Perfection (getting the highest scores) also feels so artificial and “school project”-like. I hated this attitude in school and hate it in my professional life too, because good enough is GOOD ENOUGH and perfection is not a good character trait. Perfection is not attainable, and not a true reflection of the messy nature of human lives, so I don't think we should try to get the “best” models out their either. The effort spent on creating such perfect models could be better spent collecting more data or cleaning the current data or anything to do with the data, which I think would lead to better real-world results rather than an arbitrary number.

I think that the quest for the highest score also leans more towards the more sophisticated techniques, which tend to be less explainable!! In a high-stakes setting like healthcare, I think this is unacceptable. As in my first post, we saw how a completely transparent basic equation discriminated against Blacks and how it took so many years for people to think, “hey wait maybe this is bad actually?” – institutionalizing this in black box models that are difficult to explain don't help this situation at all!

I suppose all of this (my ranting about getting the Highest Score mostly) may not hold true for research or cutting-edge AI tech companies, but at the end of the day, you still need to sell your product, the model, to an end user who may or may not be as tech-savvy as yourself. I'm always asking, “What are you actually going to do with that model?” At least, that's my poorly educated opinion, haha.
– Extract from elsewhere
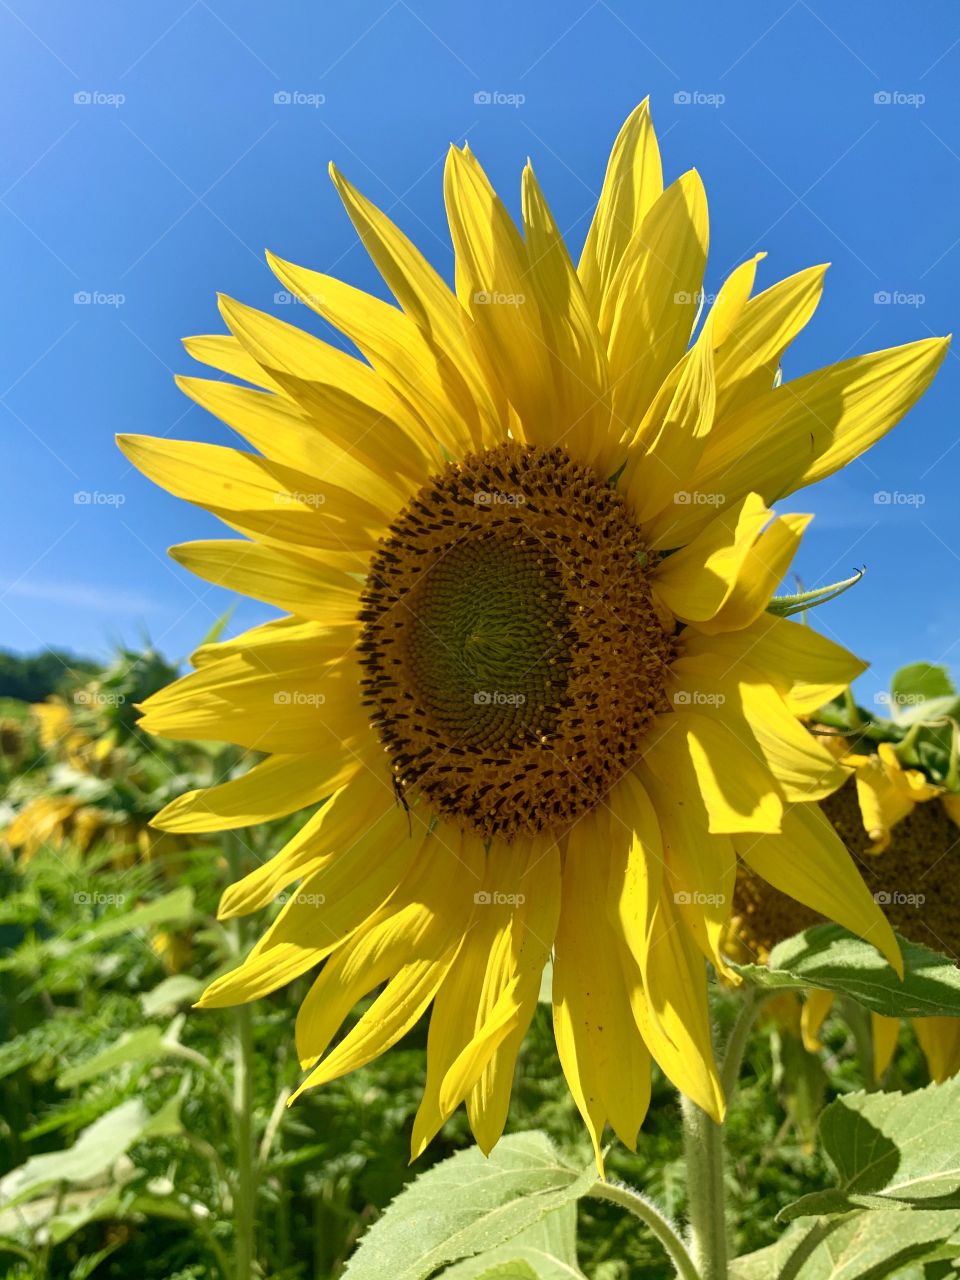 Sunflower standout

Also something that I realized when working on this: proper pipelining is so important. I'm still learning to do this properly too, but I didn't realize how good I had it at work now that we've built a more functional pipeline. It's hard for me to explain but it felt so awkward and clunky to have to read in my train and predict sets and then do all my processing on them, and the code was very messy, being stored all in one notebook. And as a datathon, this work isn't going to be productionized so there's no incentive to create a “pipeline.” I did try and write my code to be reusable, but I had no reason to create a functional structure to my code, so it's just... there.

Anyway, I suppose with all my complaints out of the way, I can talk about the good things I learned haha.

It was interesting to work on healthcare data, although I'm still unsure about someone without a healthcare background doing so. I learned so many random things about diabetes and different measurements just so I could understand what was going on!

I also got to play with the Explainable Boosting Model and the Interpretable ML package. That was pretty fun to noodle around with.

I generally enjoyed working on this data and everything, and I think it was a good experience overall! I think I'm just too focused on making things useful in the real world, haha. It's a good thing that I work in the industry!

#wids2021 #datascience

WiDS Datathon 2021 - Still Going

Sun, 07 Feb 2021 16:37:33 +0000

I know I said in my last post that I'd keep the blog updated, so here I am doing just that.

I don't have too much to say though – I've tried a few things that didn't improve the performance much, but I did try a lot of things that made it worse! Learning from failure is still learning though, haha.

I did find that I preferred using EBM to xgboost, even though xgboost is my go-to at work. Not sure if it's just because I didn't really have the patience to do xgboost “properly” in my spare time or not, but hey, if it means I can focus on the things that are important to me, I'm okay with that. Especially since this is something I'm noodling around with when I have the time after work.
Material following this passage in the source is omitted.